Manangement and optimization

There are two general strategies for storing files: consecutive disk space being allocated, or the file is split up into several contiguous blocks. The same trade-off exists in memory-management between pure segmentation and paging. Nearly all file systems chop files up into fixed-size blocks that need not be adjacent for file growing.

Block size

The choice of block size is balance of performance and space utilization.

Keeping track of free blocks

The first method consists of using a linked list of disk blocks, with each block holding as many free disk block numbers as will fit. With a 1-KB block and a 32-bit disk block number, each block on the free list holds the number of 255 free blocks. The other technique is the bitmap. For 1-TB disk, we need around 130,000 1-KB blocks to store.

If free blocks tend to come in long runs of consecutive blocks, the free-list system can be modified to keep track of runs of blocks rather than single blocks. But if the disk becomes severely fragmented, keeping track of runs is less efficient than keeping track of individual blocks.

File-system performance

Caching

The most common technique used to reduce disk accesses is the block cache or buffer cache.

When a block has to be loaded into a full cache, some block has to be removed. The situation is like paging, and all the usual page-replacement algorithms described there are applicable. There is also a bidirectional list running through all the blocks in the order of usage. The implementation is the same like exact LRU.

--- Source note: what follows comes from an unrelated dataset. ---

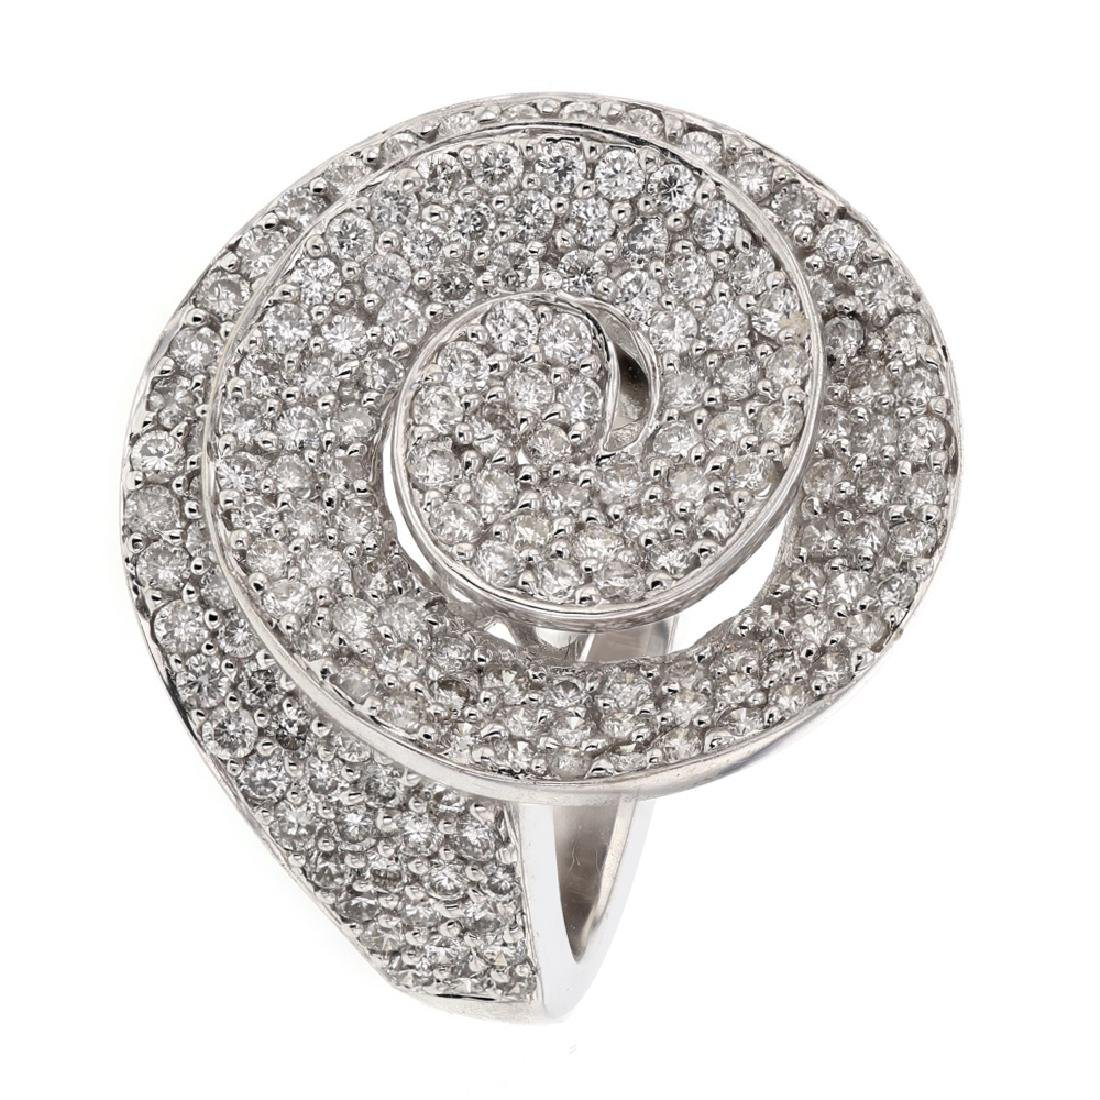 2.36 CTW Diamond Ring 18K White Gold - REF-225Y5X - 2

However, the problem has to do with the crashes and file-system consistency. When a block is read and modified, it may be quite a while before it reaches the front (as the least recently used block) and is written to the disk. Besides, some blocks, such as i-node blocks, are rarely referenced within a short interval. These two situations should be considered.

For both questions, blocks can be divided into categories. Blocks that will probably not be needed again soon go on the front, rather than the rear of the LRU list.

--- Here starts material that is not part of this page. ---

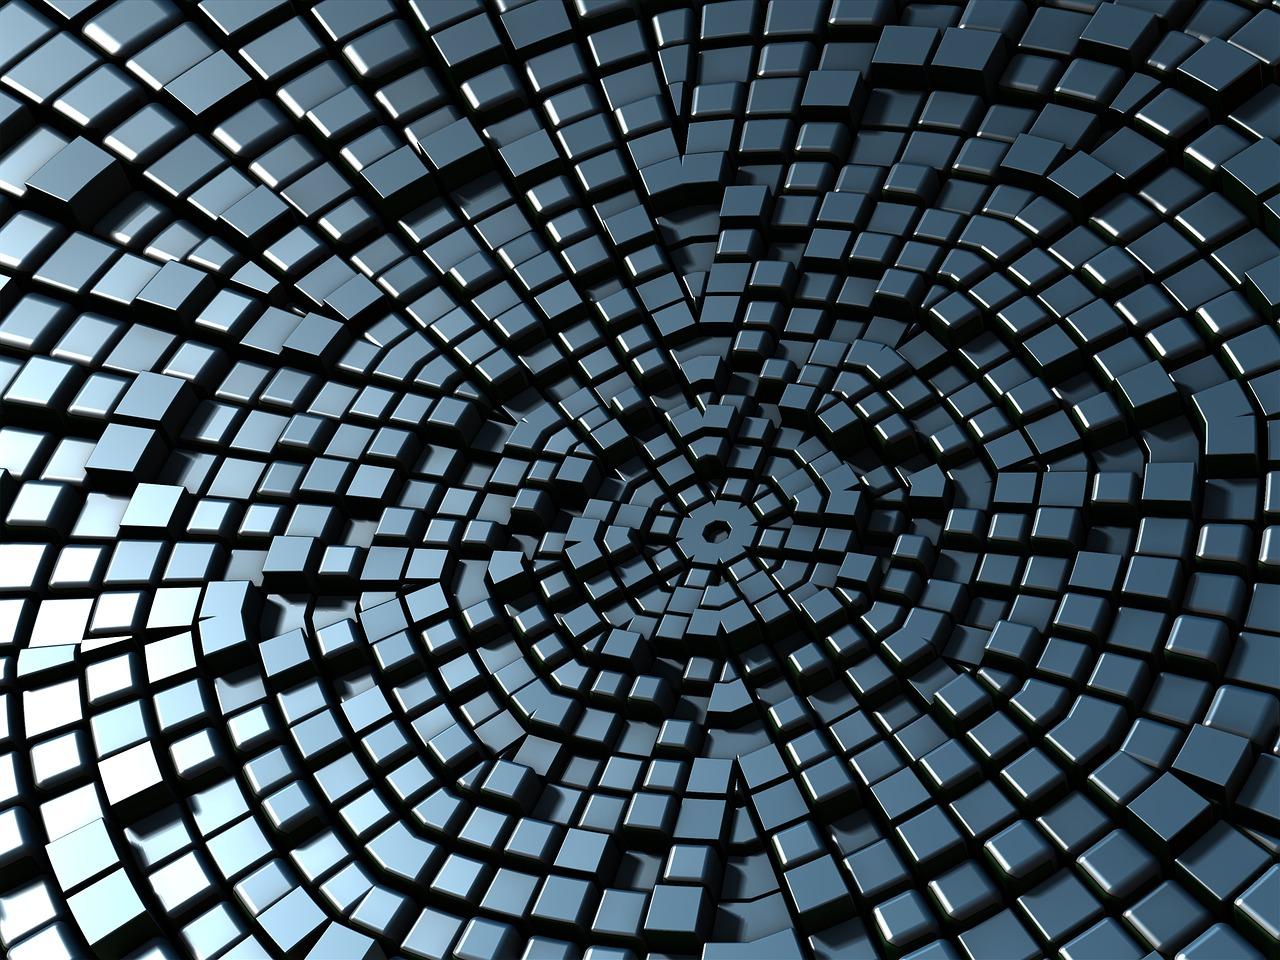 Cyberversicherung auswählen- Image by Pete Linforth from Pixabay

If the block is essential to the file-system consistency and has been modified, it should be written to disk immediately. And systems take two approaches to dealing with data blocks. The UNIX way is to have a system call, sync, which forces all the modified blocks out onto disk immediately. When the system is started up, a program, usually called update, is started up in the background to sit in an endless loop issuing sync calls. What Windows did was to write every modified block to disk as soon as it was written to the cache. Caches in which all modified blocks are written back to disk immediately are called write-through caches.

Block read ahead

The technique is to try to get blocks into the cache before they are needed to increase the hit rate. The read-ahead strategy works only for files that are actually being read sequentially.

Reducing disk-arm motion

The technique is to reduce the amount of disk-arm motion by putting blocks that are likely to be accessed in sequence close to each other, preferably in the same cylinder.

If the free blocks are recorded in a bitmap, and the whole bitmap is in memory, it is easy to choose a free block as close as possible to the previous block. With a free-list, some block clustering can be done. The trick is to keep track of disk storage in groups of consecutive blocks: allocate disk storage in units of multi blocks.

Another performance bottleneck in systems that use i-nodes is that reading even a short file requires two disk accesses: one for the i-node and one for the block. One easy performance improvement is to put the i-nodes in the middle of the disk rather than at the start.